Content starts

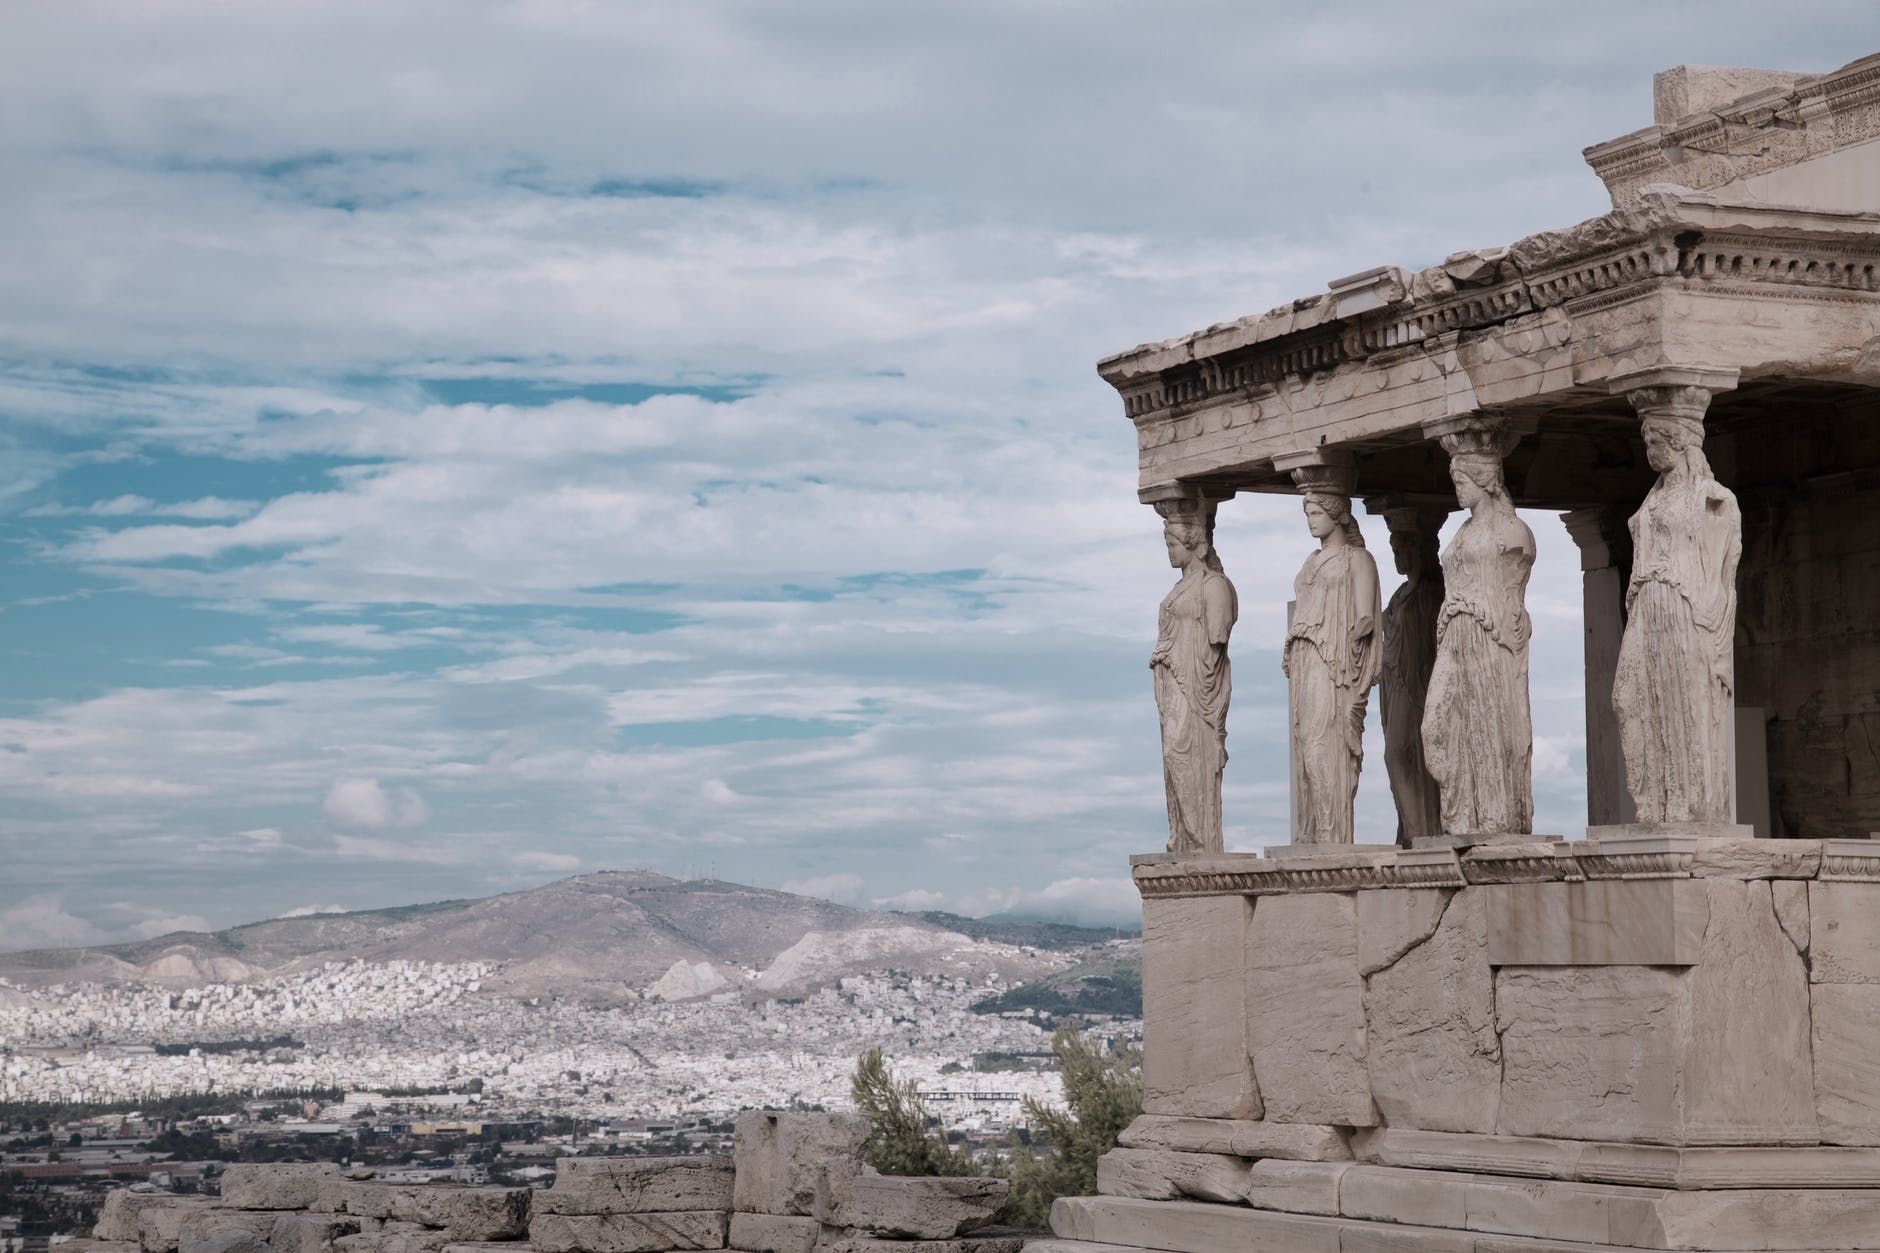 ancient greek temple
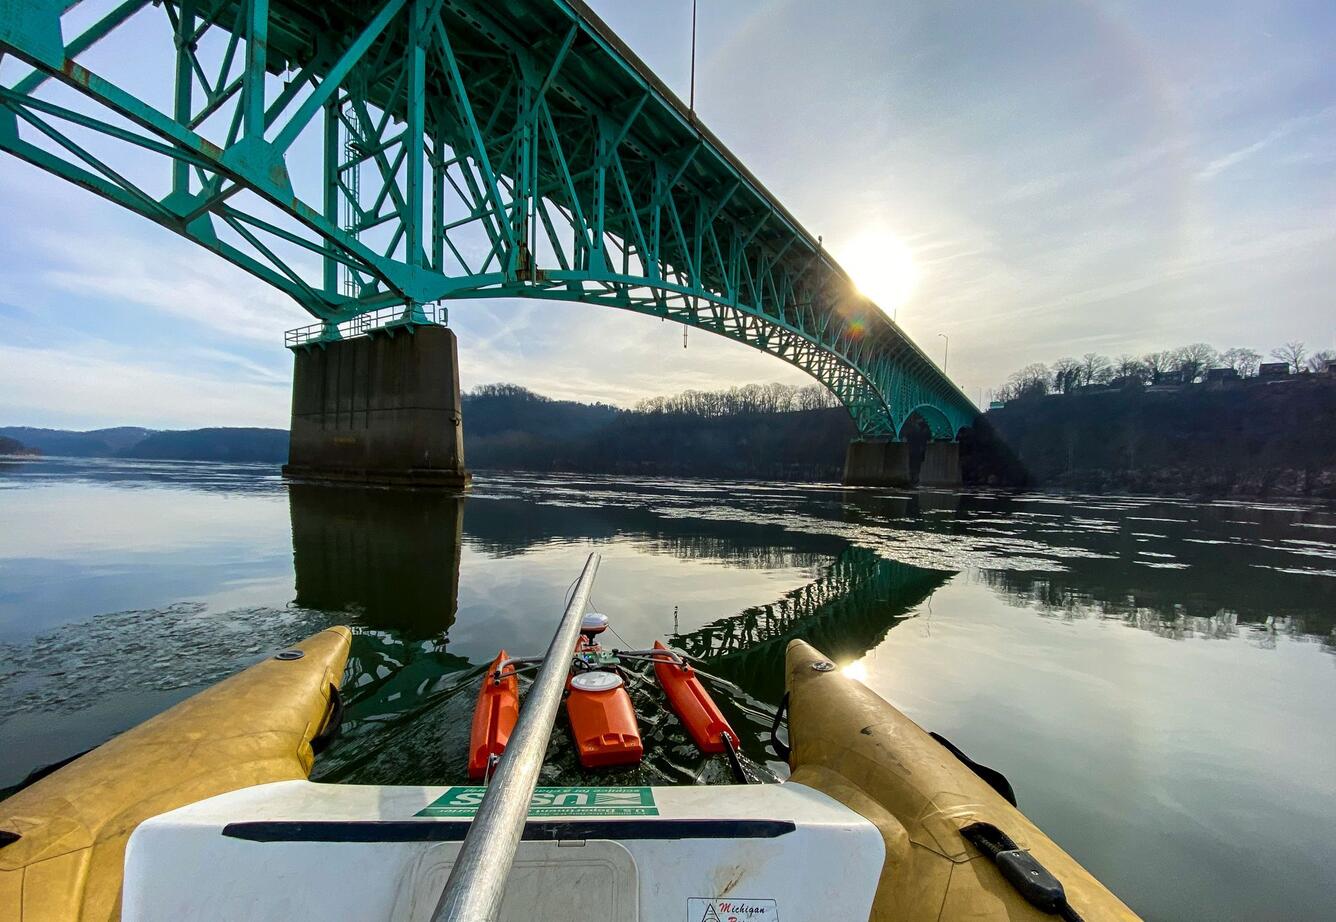 Photograph of boat and bridge, Allegheny River, Pennsylvania
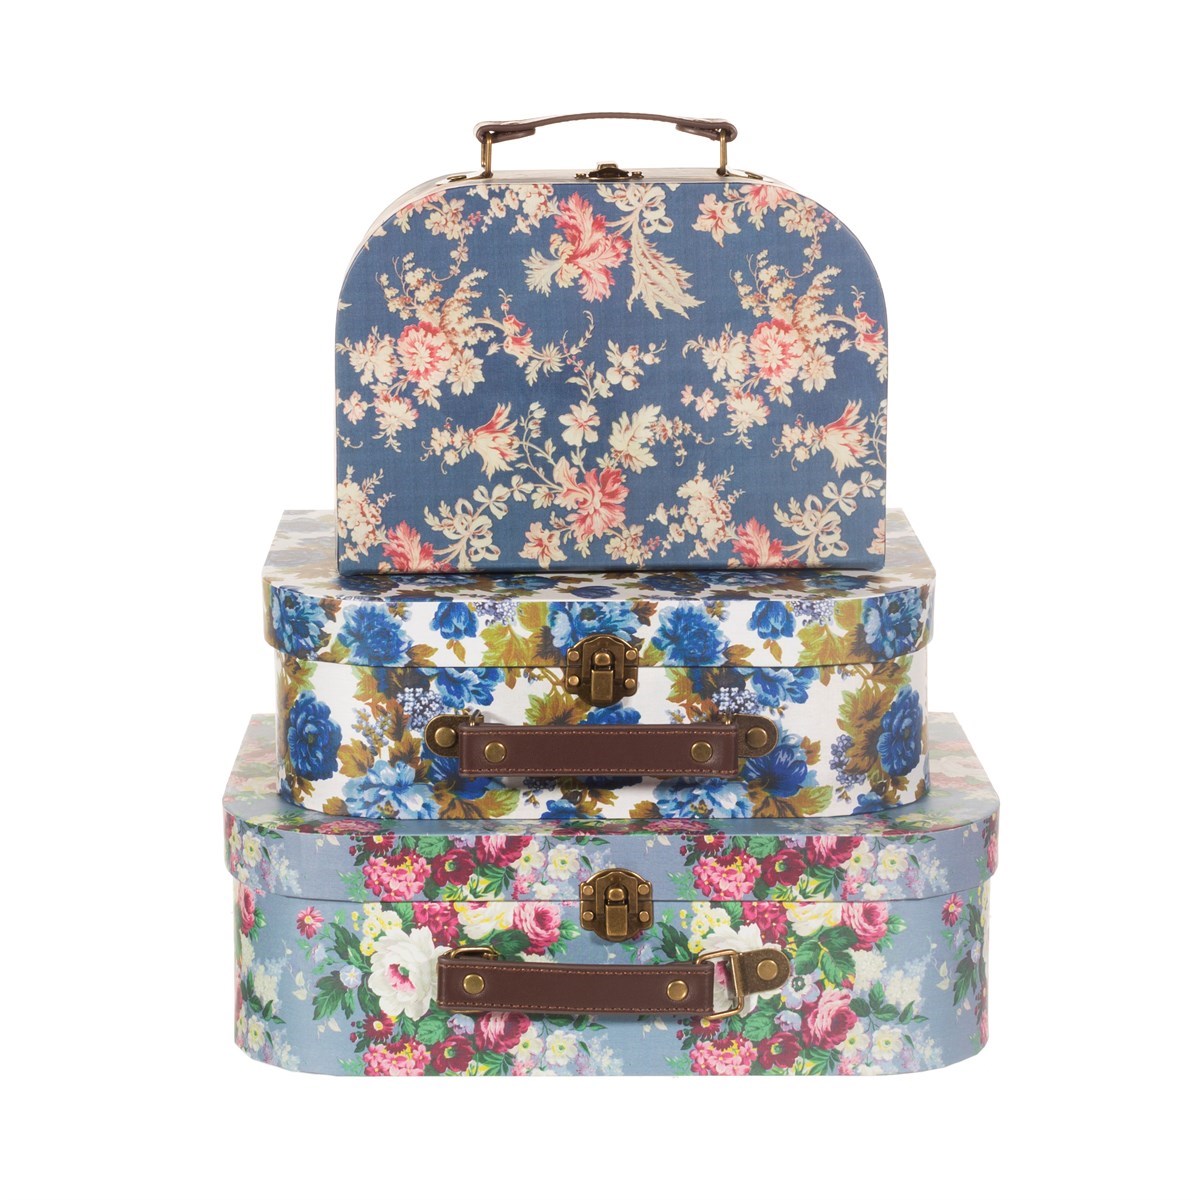 Keepsake Trunks Suitcase set of 3 - Blue Delphine Vintage Rose, Keepsake Box

Content ends

> **Exercise brief**
Please give back every line above exactly as it stands, without pictures.

> **Solution to the problem**
 ancient greek temple
 Photograph of boat and bridge, Allegheny River, Pennsylvania
 Keepsake Trunks Suitcase set of 3 - Blue Delphine Vintage Rose, Keepsake Box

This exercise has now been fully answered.